The Court of Appeal’s decision


  1. The Court of Appeal remarked that it is important that the procedural rules of the Act and the Bankruptcy Rules (Cap 20, R 1, 2006 Rev Ed) (“the Rules”) were complied with as they could yield substantive outcomes. This was because a dissenting minority creditor may find itself involuntarily bound by a voluntary arrangement (at [42]).


  2. Rule 84 of the Rules provides a comprehensive and sequential process for the determination of claims in a creditors’ meeting (at [48]):


  1. Under r 84(1), there is a presumption that a creditor who is summoned to a meeting has an entitlement to vote (at [49]);


  2. Under r 84(3), a creditor with an unliquidated or unascertained debt would be unable to vote, unless the nominee agrees to place a just estimated minimum (at [50]);


  3. Under rr 84(3) and 84(4), if the nominee decides to reject, or otherwise exclude some or all of the creditor’s claim, he should provide written reasons, which are then subject to appeal (at [51]);


  4. Under r 84(4), when a debt was liquidated and ascertainable, or unliquidated and unascertainable (but for which an estimated minimum sum was agreed on), the nominee may still entertain doubts. He should mark such claims as “objected to” and allow the creditor to vote subject to the objection being maintained (at [52]); and


  5. Under r 84(7), it is for the court to decide whether the “objected to” votes are invalid. In the meantime, the effect of the “objected to” votes on the overall outcome nevertheless remains (at [54]).
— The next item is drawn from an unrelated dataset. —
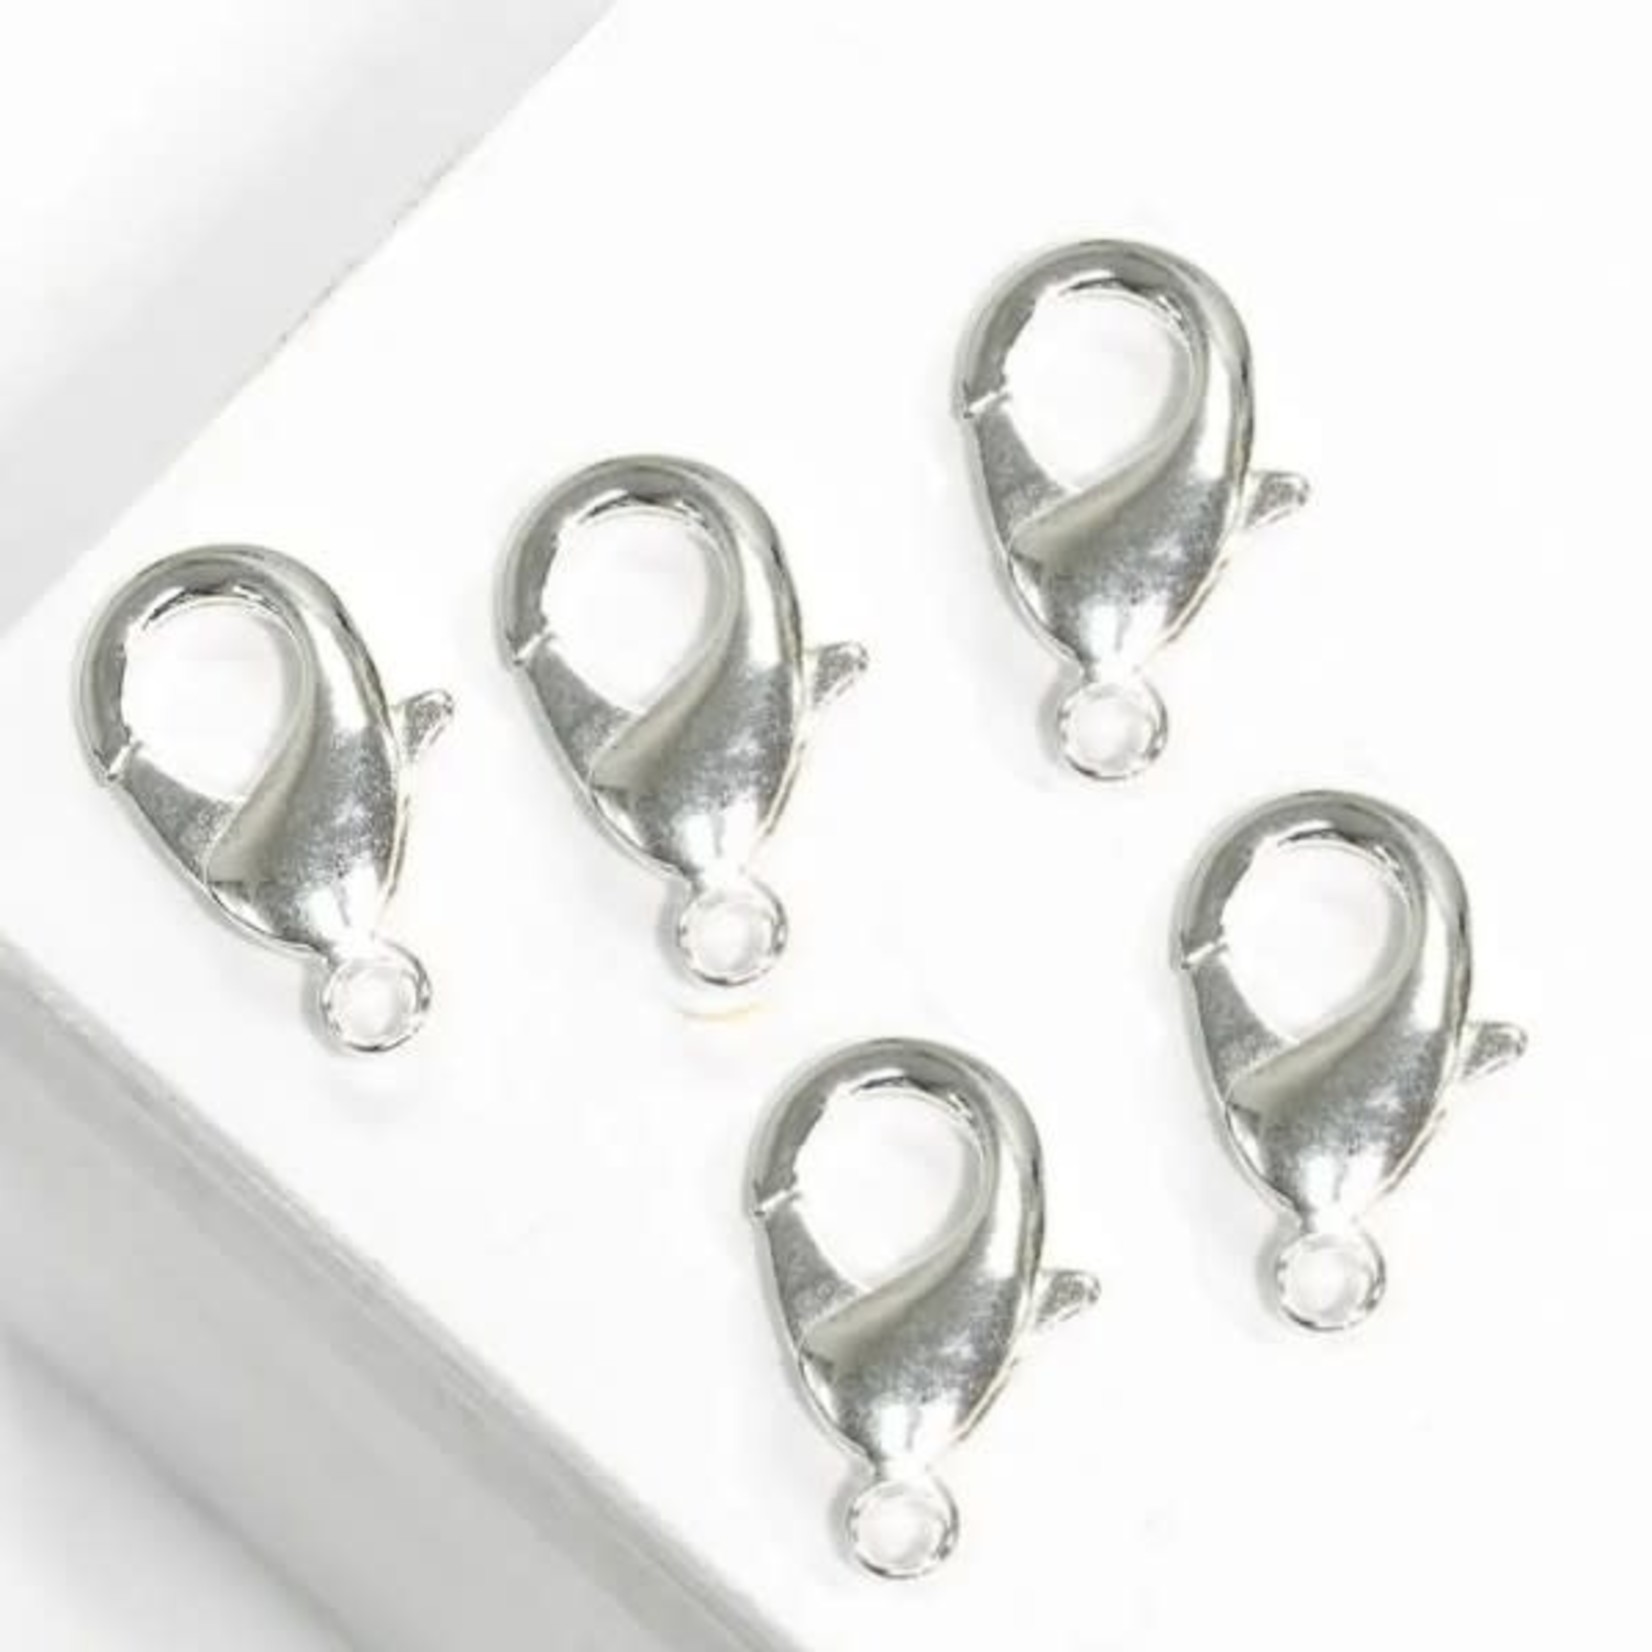 Lobster Clasp 19x10mm Nickel-Free Silver Plated - 5 pieces

  1. It was apparent that the Nominee had considered the Litigation claims to be of an unliquidated and unascertainable value. However, under the exception to r 84(3) of the Rules, he proceeded to ascribe a minimum sum. Although he had doubts, he had recourse to the “objected to” procedure. It followed that the Litigation claims were admitted on an “objected to” basis and it was a material irregularity to have backtracked on his decision in his Creditors’ Meeting report. There were insufficient votes for Mr Aathar’s second proposed voluntary arrangement to pass muster (at [56], [70][71]).


  2. The Court of Appeal went on to note that a debtor who proposes a voluntary arrangement should be not only honest, but should also take care to put all relevant facts before the creditors. If a debtor wishes to take advantage of a voluntary arrangement and to avoid the otherwise undesirable consequences of bankruptcy proceedings, the onus is on him to be forthcoming (at [76]). Serious doubts had arisen with respect to the source of the funding for Mr Aathar’s voluntary arrangement, the bona fides of the claims of 24 Indonesian creditors, and those of Golden Cliff (at [85]).


  3. There is a corresponding duty on the nominee to satisfy his doubts about the debtor’s proposal. Where the fullness or candour of the debtor’s information has come into question, the nominee must take such steps as are in all the circumstances reasonable to satisfy those doubts (at [77][78]). Given the various doubts that had already arisen about Mr Aathar’s first voluntary arrangement it would have been incumbent on the Nominee to be circumspect (at [86]). A nominee’s duty of diligence and scrutiny cannot be abdicated to the creditors, no matter how savvy or well represented they are (at [89]). The Court of Appeal agreed with the High Court Judge that there were several material irregularities and dismissed the appeals with costs to the respondents (at [91][92]).


This summary is provided to assist in the understanding of the Court’s grounds of decision. It is not intended to be a substitute for the reasons of the Court. All numbers in bold font and square brackets refer to the corresponding paragraph numbers in the Court’s grounds of decision.